The 3C+D corridor is part of an ambitious plan by Amtrak to expand intercity service.

Aside from the Cleveland-Cincinnati route, Amtrak has proposed creating additional service on existing routes through Cleveland to Detroit and Buffalo.

The passenger carrier would front the money to be used for capital costs to develop the routes and initially pay the operating costs of the trains.

But state and local governments would be expected to assume operating costs on a sliding scale with Amtrak’s share declining until states would pay all of the operating costs.

Although the proposed 3C+D service received endorsements from various mayors who joined the call, Ohio Gov.

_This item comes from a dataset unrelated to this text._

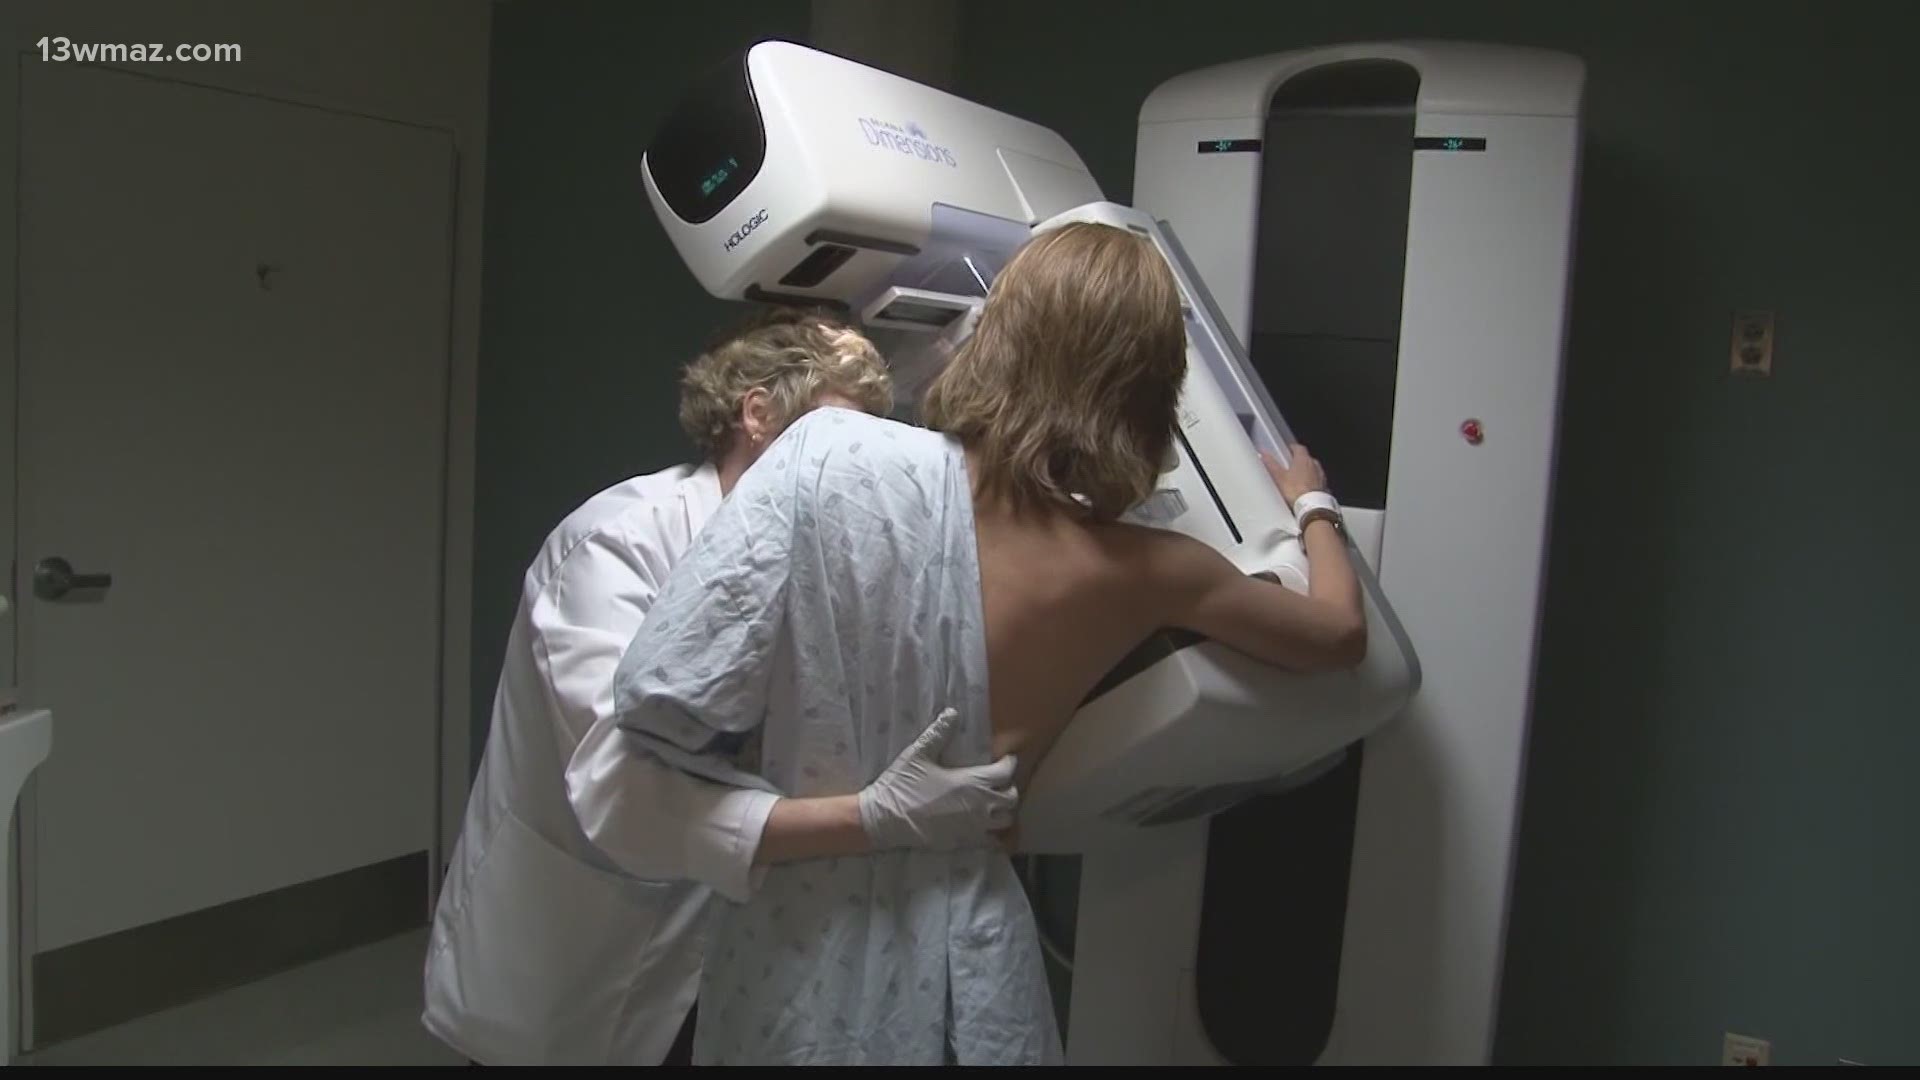 Groundbreaking technology is helping detect breast cancer sooner and that can save lives.
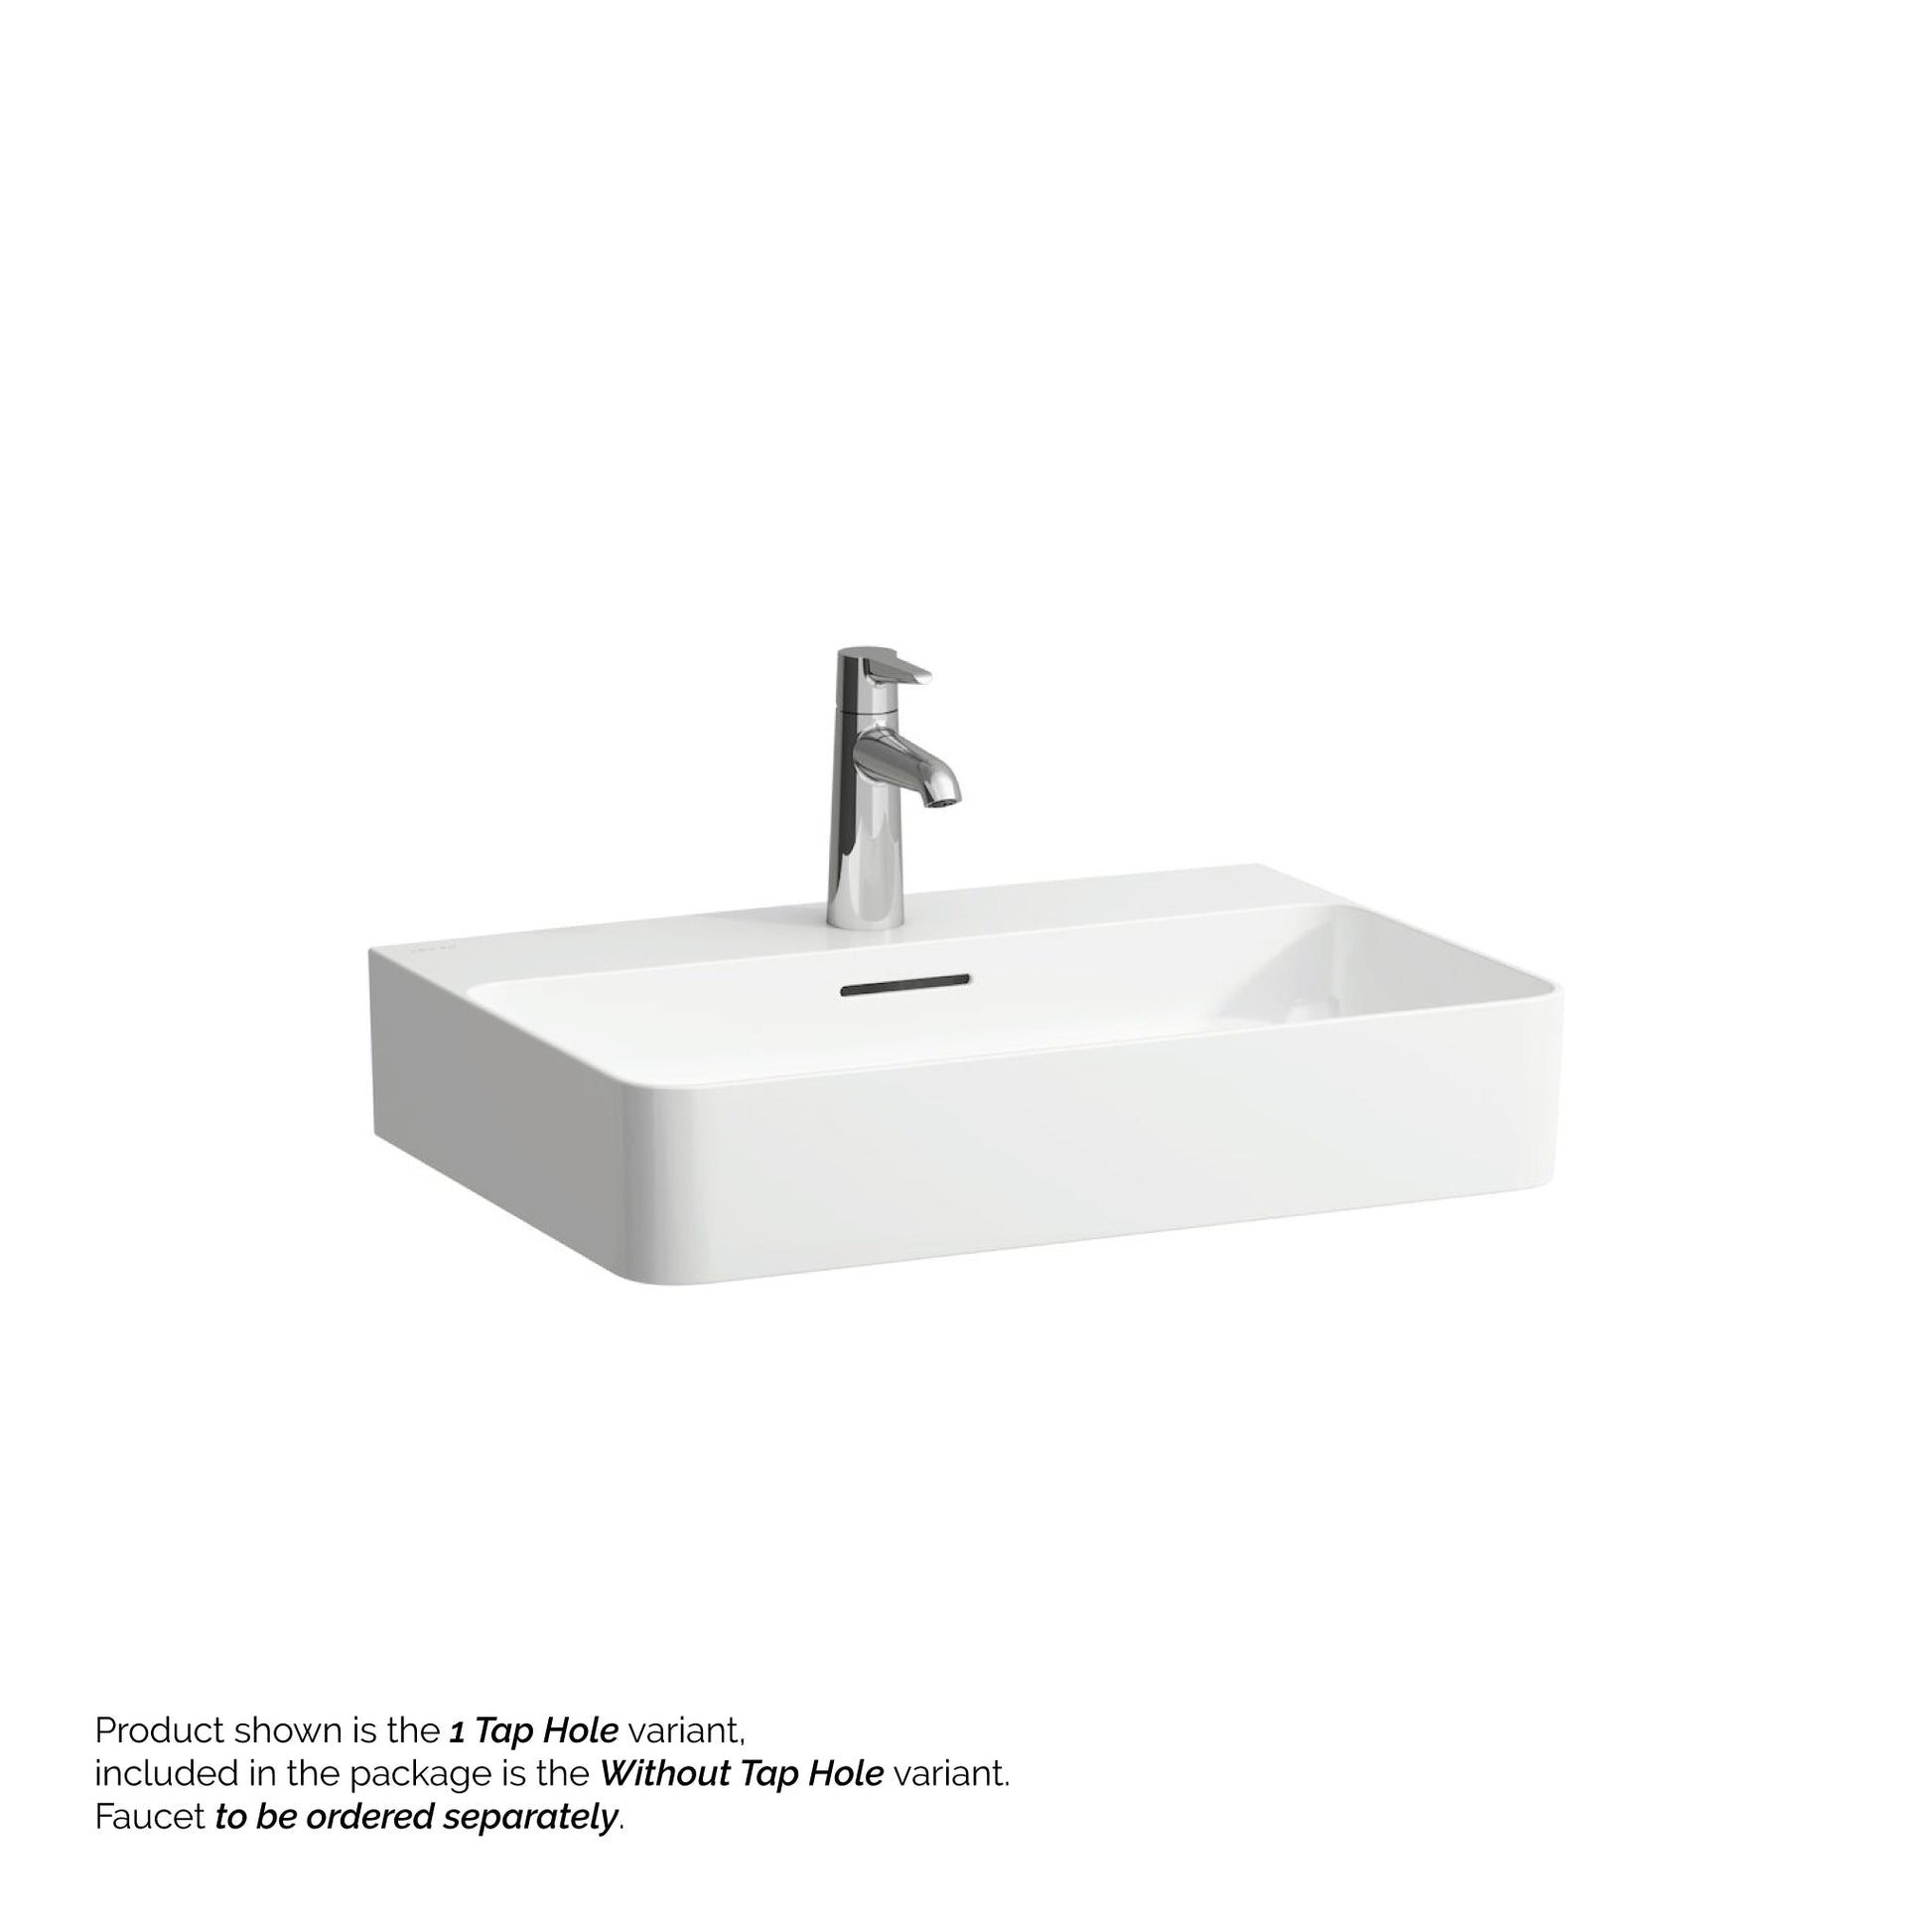 Laufen Val 24" x 17" White Ceramic Wall-Mounted Bathroom Sink Without Faucet Hole

Michael DeWine has been noncommittal about it.

Last month DeWine said he was reserving judgment on the plan until he could learn more about it, including its potential cost to the state.

Although neither DeWine nor a representative of the Ohio Department of Transportation participated in this week’s online roundtable, Gardner said Amtrak is “anxious to work with the state to look at what that partnership could be and put together a model that makes sense for Ohio.”

During the roundtable, Amtrak said the3C+D route would have stations in Cleveland, Columbus, Dayton and Cincinnati as well as at Cleveland Hopkins International Airport, Crestline, Delaware, Springfield and Sharonville.

Service is expected to be three round-trips per day with additional trips being added as ridership grows.

The route is expected to draw as many as 500,000 passengers annually and provide an economic impact of $130 million.

The Cleveland-Cincinnati travel time would be about 5.5 hours, but track improvements could cut that to 4 hours and 55 minutes.

Gardner said that a train does not need to be faster than car travel, but does need to be competitive. “The time on the train is productive time, which is not the same as driving time,” he said. “You can work, you can have access to wi-fi, you can socialize, you can walk around. It’s a much more comfortable and productive method,” he said.

Cleveland has the most current Amtrak service of the cities in the 3C+D corridor being served by the Chicago-Washington Capitol Limited and the Chicago-New York/Boston Lake Shore Limited.

Trains on both of those routes, though are scheduled to pass through Cleveland between midnight and 6 a.m.

Cincinnati has a similar situation with the Chicago-New York Cardinal. Dayton and Columbus have lacked Amtrak service since the Oct. 1, 1979, discontinuance of the New York-Kansas City National Limited.

Cleveland Mayor Frank Jackson was one of the participants in the roundtable and gave the 3C+D a hearty endorsement.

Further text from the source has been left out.